Separation is a Bitch —An “aha” moment on the MoodShift Journey

Years ago, my wife and I took a deep dive into the world of quantum physics—a world of infinite possibilities. For me, this produced an experience of cognitive dissonance that rattled me to the bone. This dissonance (chaos) was the result of straddling two very different paradigms in my head. I grew up believing the world was full of lack; a belief I adopted from my father. It had to be true. My father would not lie to me. It was confirmed by the commercials I watched on TV. This world of lack is contrasted by a world of abundance, as suggested by the principles of quantum physics.

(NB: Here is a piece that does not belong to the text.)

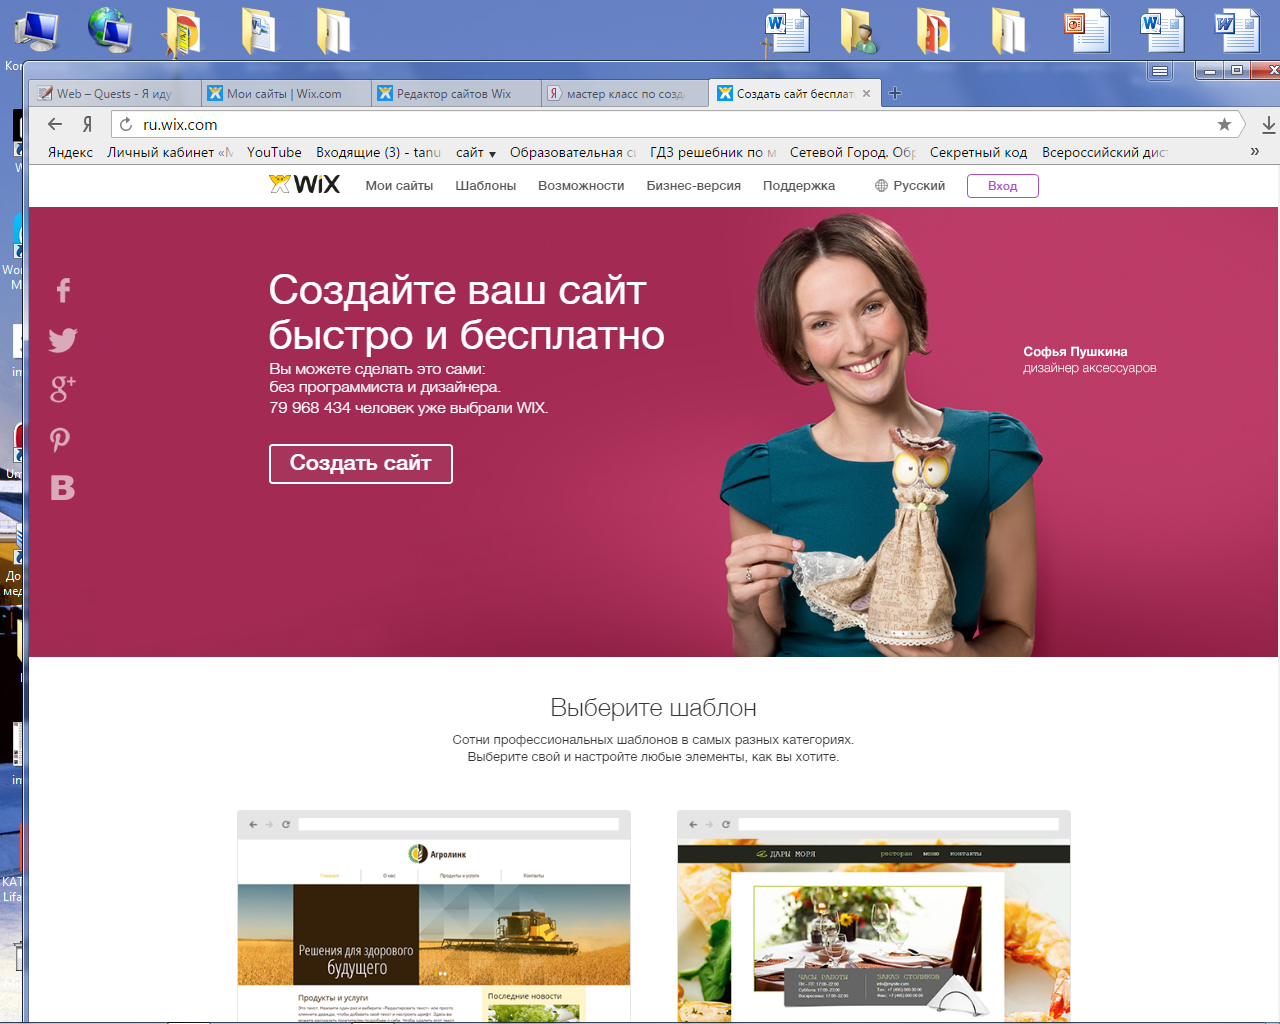 Шаблоны бесплатно для создания своего сайта ной транспортная компания саратов сайт

Quantum physics suggests that we live in an ever-expanding, abundant universe where all possibilities exist in a potential state. A potential state at the quantum level just waiting to be molded into a creation—first in our virtual world of imagination, then manifesting into our world of physicality. 

Was that how the world really worked? Was I truly in charge of creating my own reality as thought leaders of the 21st century suggest? 

Quantum physics suggests that everything in our universe at the atomic scale is pure energy. I grappled with this idea as I yearned to learn more. 

As I dug deeper into this mystical world of energy, the more I understood that I am the creator of my own reality and the experiences that reality produces.

Today, more and more investigators understand there is a marriage between science and spirituality, albeit a mysterious one. Humans like to separate things into pieces in the hopes of a better understanding. This has created the idea that two worlds exist for us. Our inside world—filled with imagination, thoughts, heart-felt emotions and the seat of our intuition—and our outside world where our analytical mind, in conjunction with our five senses, serves to guide us. 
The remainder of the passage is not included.